Given up for adoption

Relates to:
Date: 2013-06-07

Tevita Vuibau
June 07, 2013

THE birth of a child is one of the most profound experiences for mothers and fathers.

But the truth of the matter is that sometimes parents are just not ready to look after their own children.

And there are a number of factors that could lead to a mother giving up her child.

Inability to cope financially with the demands of a newborn, unplanned pregnancies and teen pregnancies are chief among these.

The latest cases of mothers abandoning their babies took place at the country's largest hospital — CWMH — where three mothers gave up their babies for adoption at the hospital.

The babies were given up after the mothers made prior arrangements with the hospital to take custody of their infants.

And this news came as a shock to many.

But as hospital head of gynaecology Dr James Fong explained, 24 babies are given up for adoption at CWMH alone each year, which means the problem is not new.

Dr Fong explained that looking after babies put a strain on hospital finances with the babies ending up having to be cared for by nurses.

But speaking to The Fiji Times on Tuesday, Ministry of Social Welfare permanent secretary Dr Josefa Koroivueta said this did not have to be the case.

He explained the ministry had well defined procedures in place for the adoption of babies at the nine registered homes for children.

"The placement of the children is facilitated depending on the availability of space in residential homes and foster parents," Dr Koroivueta said.

"The ministry works in alignment to the existing Juveniles Act under the State, there are nine registered homes.

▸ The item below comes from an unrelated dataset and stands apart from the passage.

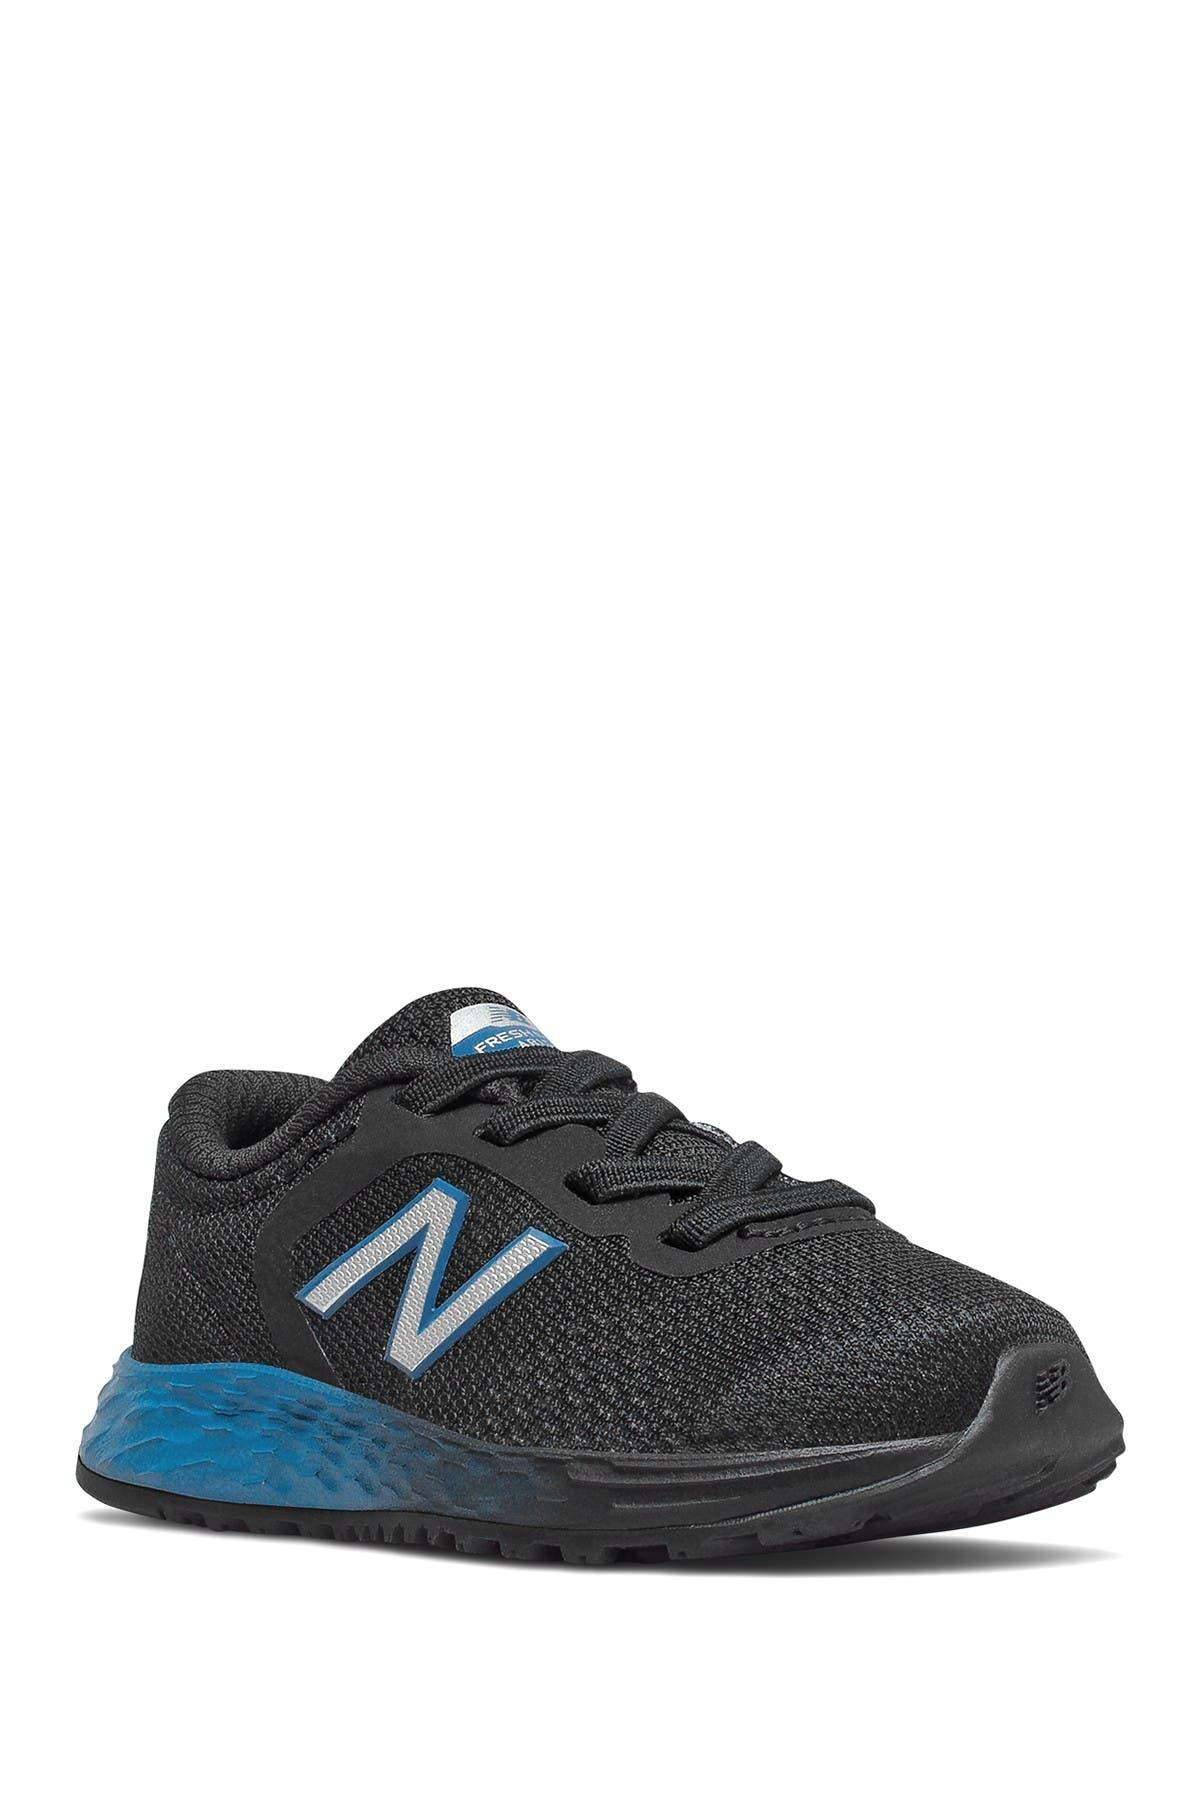 Image of New Balance Arishi V2 Running Shoe

These are Boys Centre, Dilkusha Home, St Christopher's, Mahaffy Girls, Treasure Home, Veilomani Boys, Lomani Au Children's Home, St Meena's Home and Homes of Hope."

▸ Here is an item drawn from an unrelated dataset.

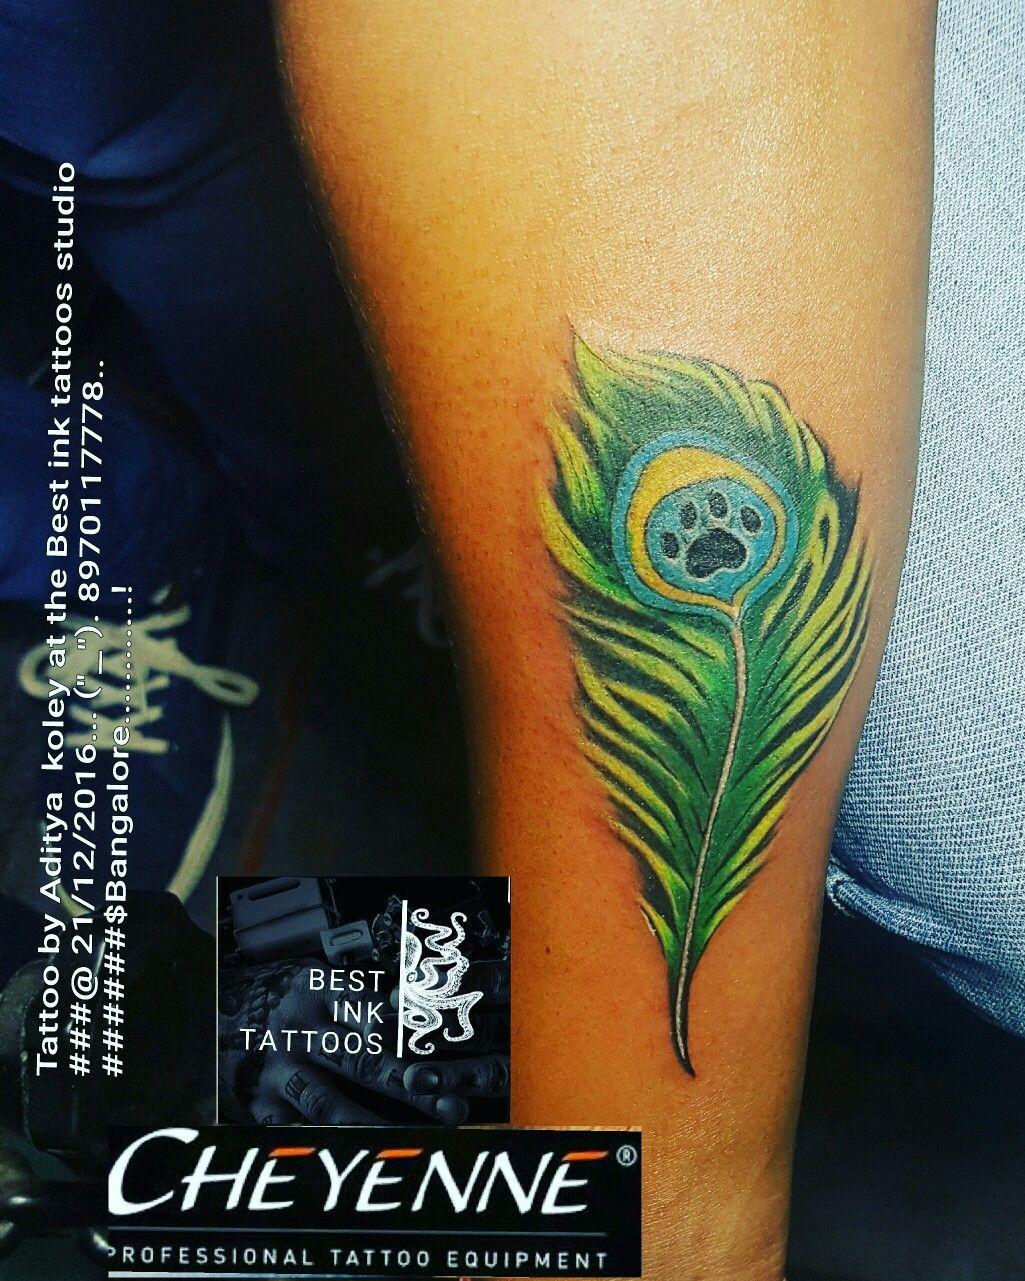 Bangalore Tattoos, Tattoo equipment, Print tattoos

He also warned against those trying to adopt children through means other than those stated under the law saying that those acts were a violation of children's rights.

"The utilisation of marketing deploys through social networks and informal networks for child adoption is a clear breach of the child rights.

"The wellbeing of the child is paramount and leaking of information or taking pictures of abandoned children without proper consent of the Ministry of Social Welfare is a serious breach of confidentiality and violation of children's rights," he said.

He explained that the ministry administered the Care and Protection (C&P) from the allocated budget of $5.9million to families/guardians supporting children other than their own, or for parents facing financial difficulties in maintaining the basic care for their children and to residential homes that provided care for children who are placed under the care of the Director of Social Welfare as provided in the Juvenile Act.

The recent news as well that 400 teen mothers gave birth at Lautoka Hospital each year would also have raised a few eyebrows.

According to figures quoted by Viseisei Sai Health Centre director Dr Swaran Naidu, teen pregnancies in Fiji were unacceptably high at 10 per cent of all deliveries.

The Ministry of Social Welfare acknowledged this problem saying that it had signed an MOU with Homes of Hope to facilitate the adequate care and support to teenage mothers.

Education permanent secretary Brij Lal says the ministry has the Family Life Education (FLE) which is taught in schools.